_What this task involves:_
All of the listing should be output exactly, apart from the pictures.

_Recorded data:_
- Opening Delimiter -

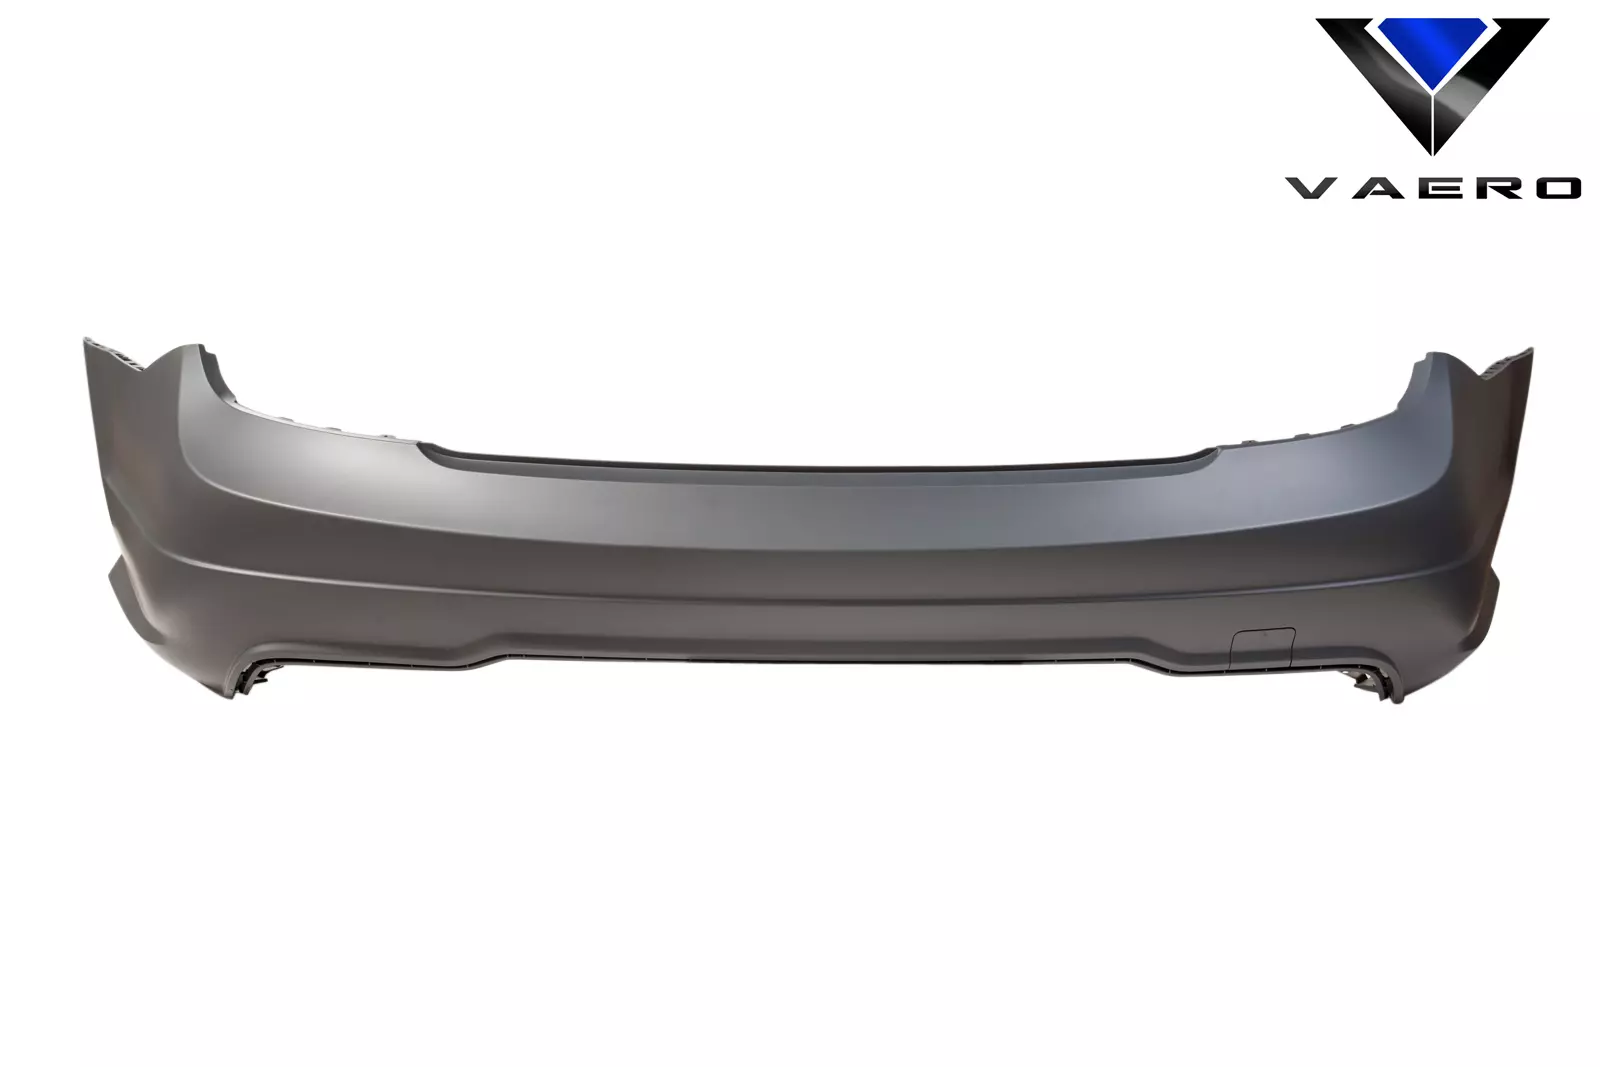 2008-2014 Mercedes C Class W204 C250 Vaero C63 V2 Look Rear Bumper Cover ( with PDC ) 2 Piece - Image 3
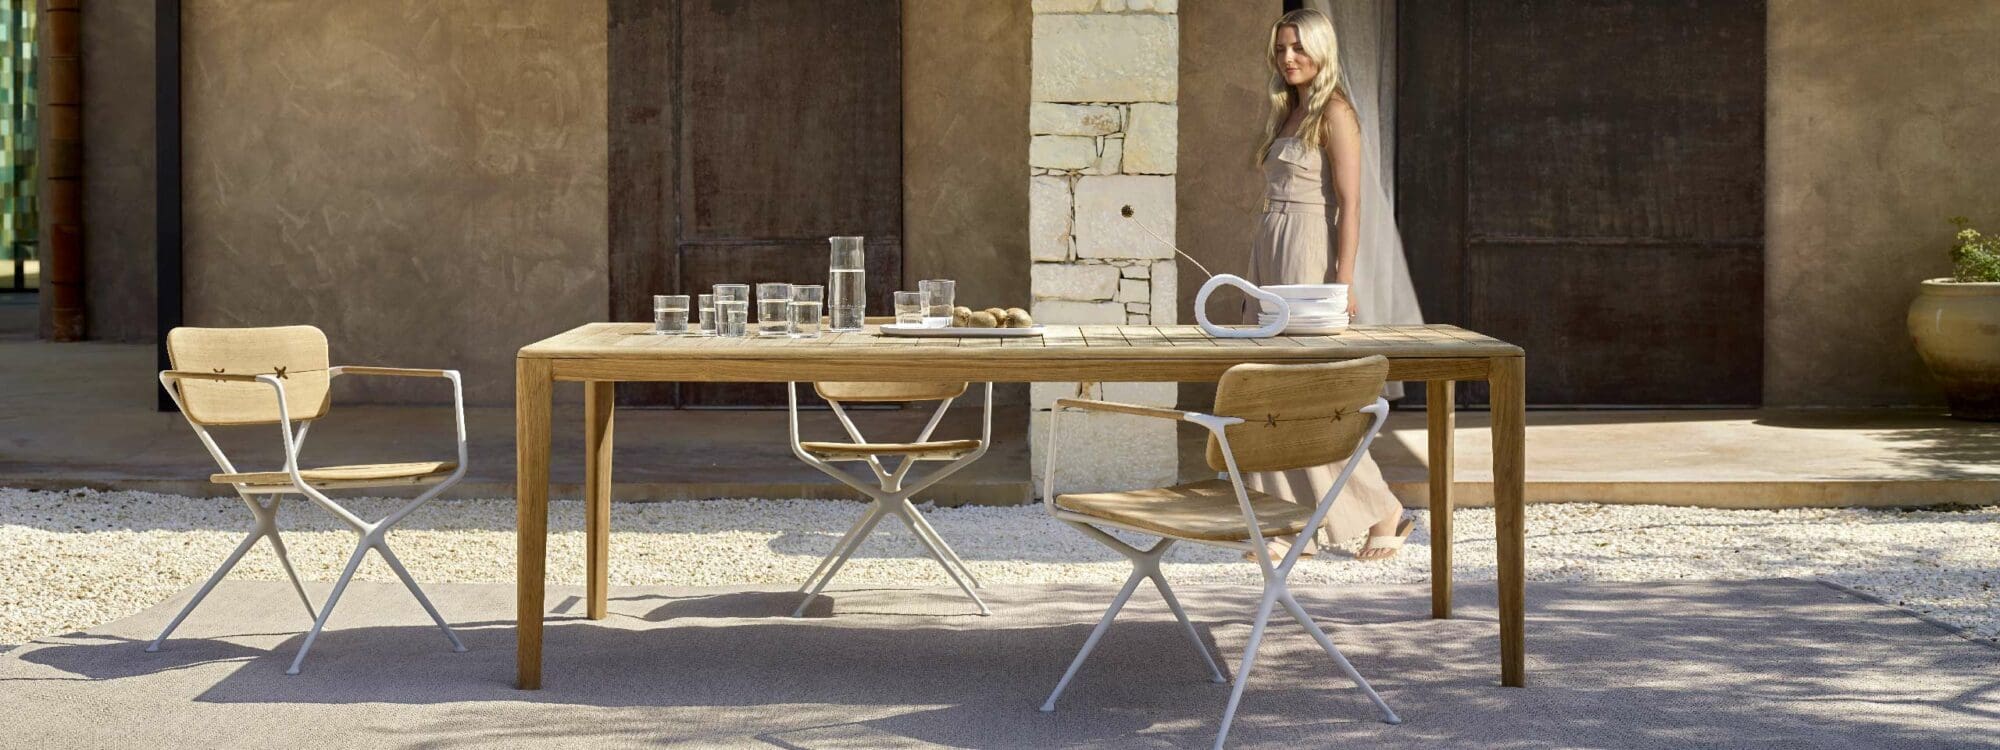 Image of smiling woman walking past Exes garden armchairs and U-NITE teak dining table in a sunny courtyard
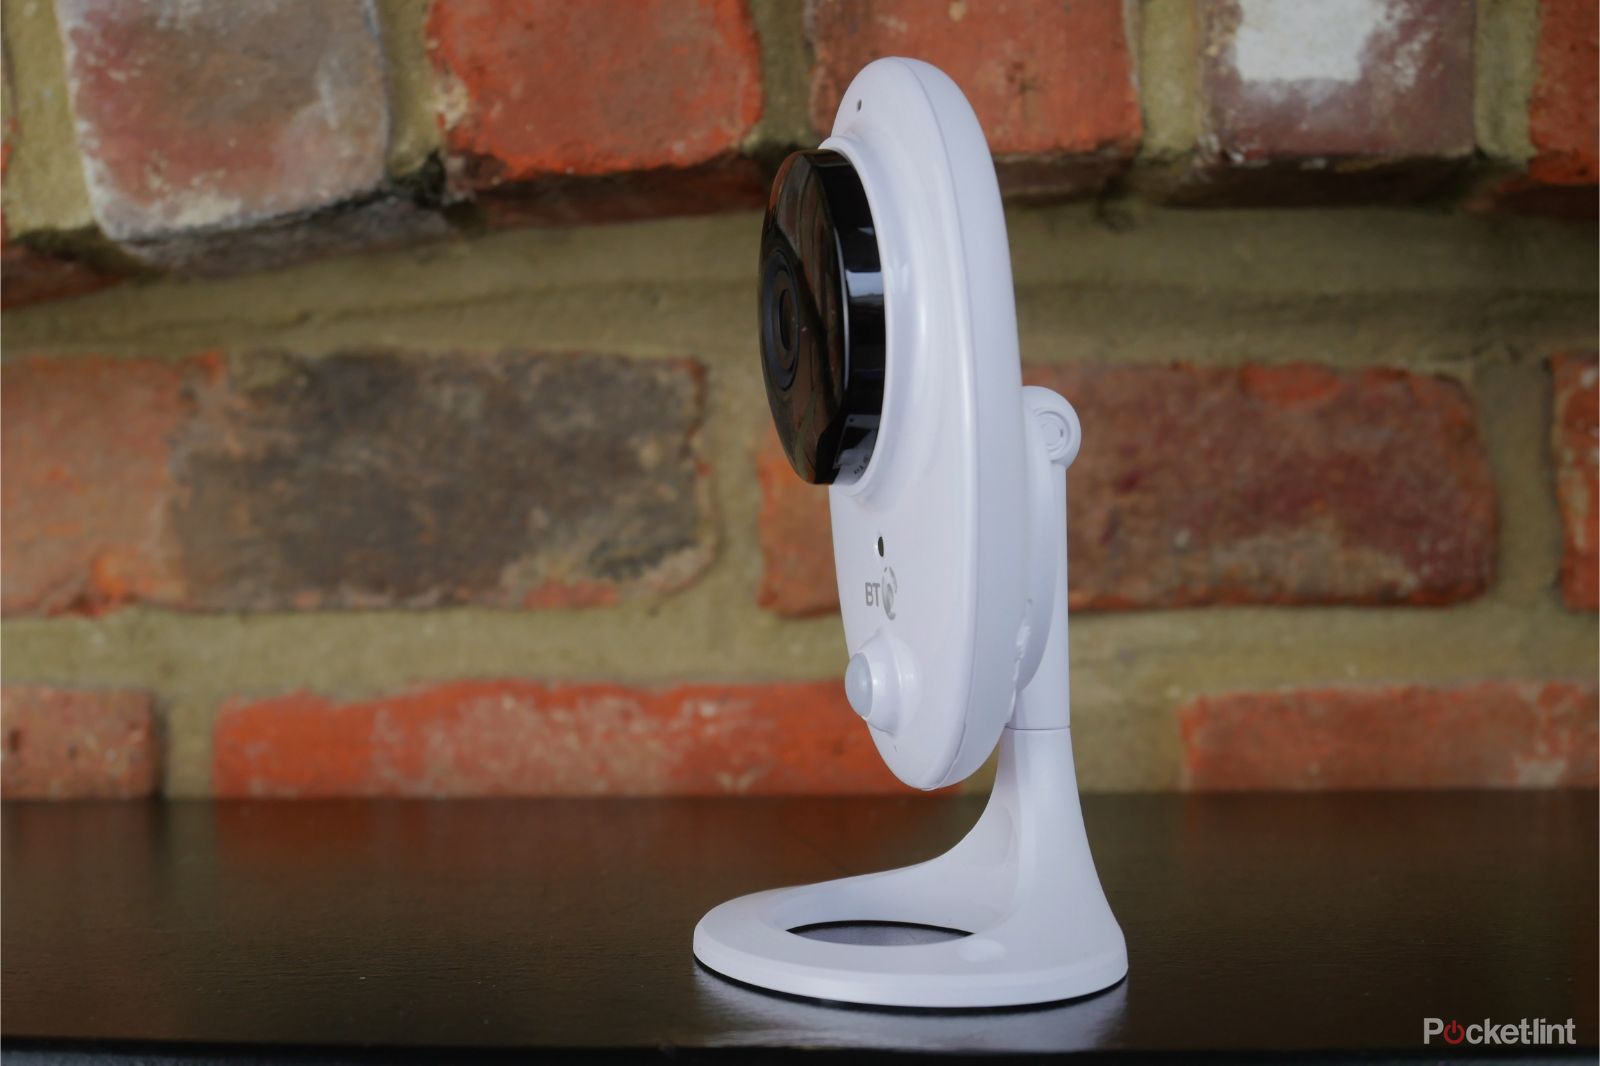 BT Smart home camera review An affordable but flawed smart home security device image 4
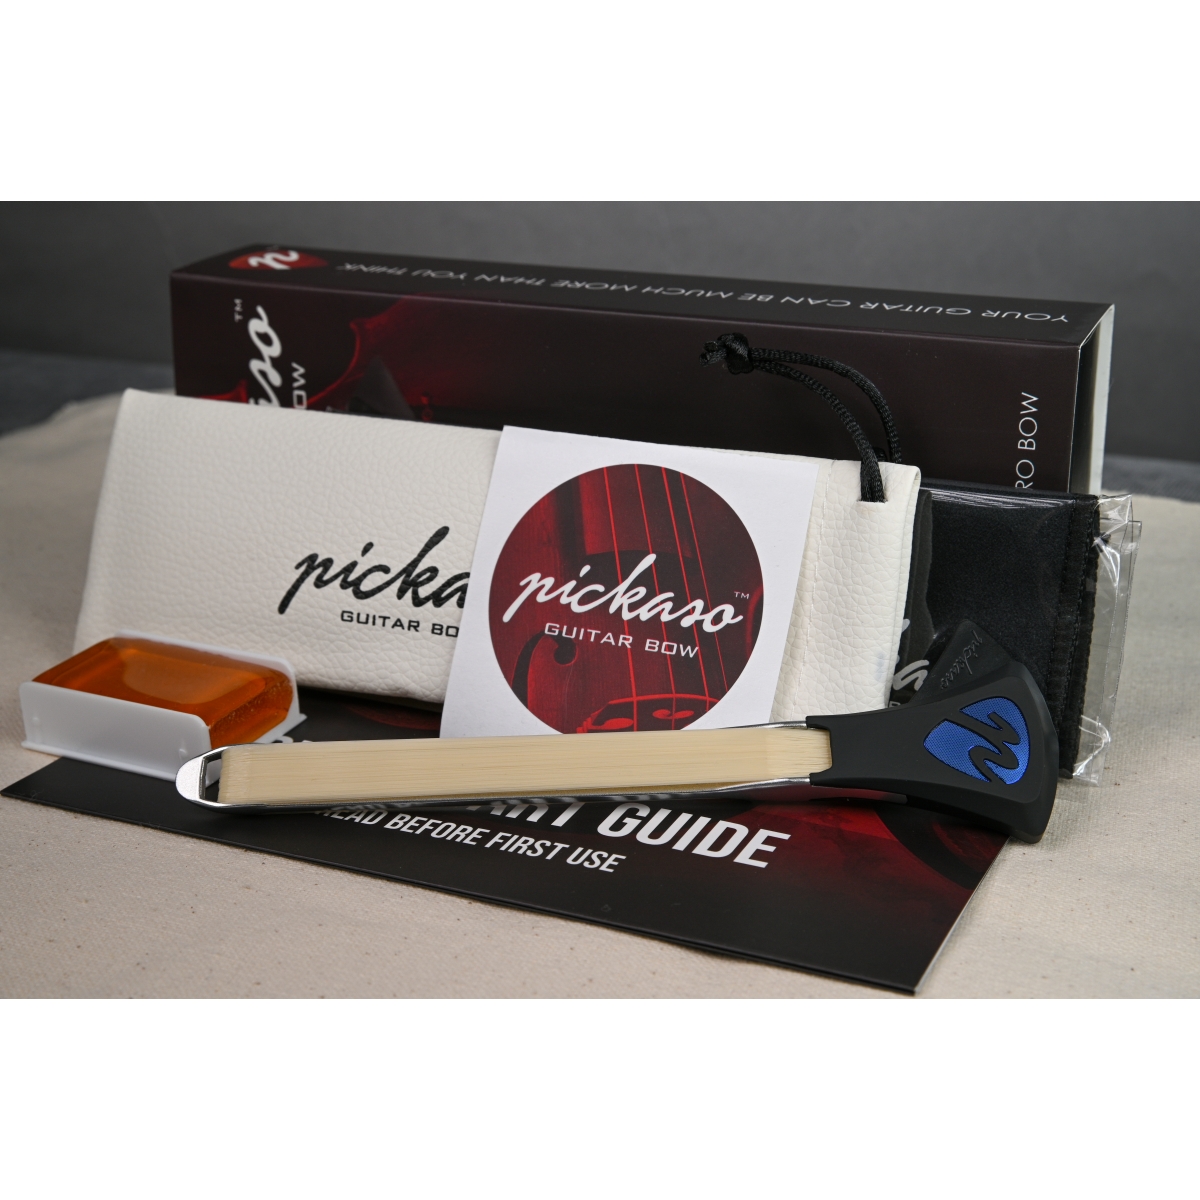 How good is the Pickaso Bow Guitar bow?

- Closing Delimiter -

_Written answer:_
 2008-2014 Mercedes C Class W204 C250 Vaero C63 V2 Look Rear Bumper Cover ( with PDC ) 2 Piece - Image 3
 Image of smiling woman walking past Exes garden armchairs and U-NITE teak dining table in a sunny courtyard
 BT Smart home camera review An affordable but flawed smart home security device image 4
 How good is the Pickaso Bow Guitar bow?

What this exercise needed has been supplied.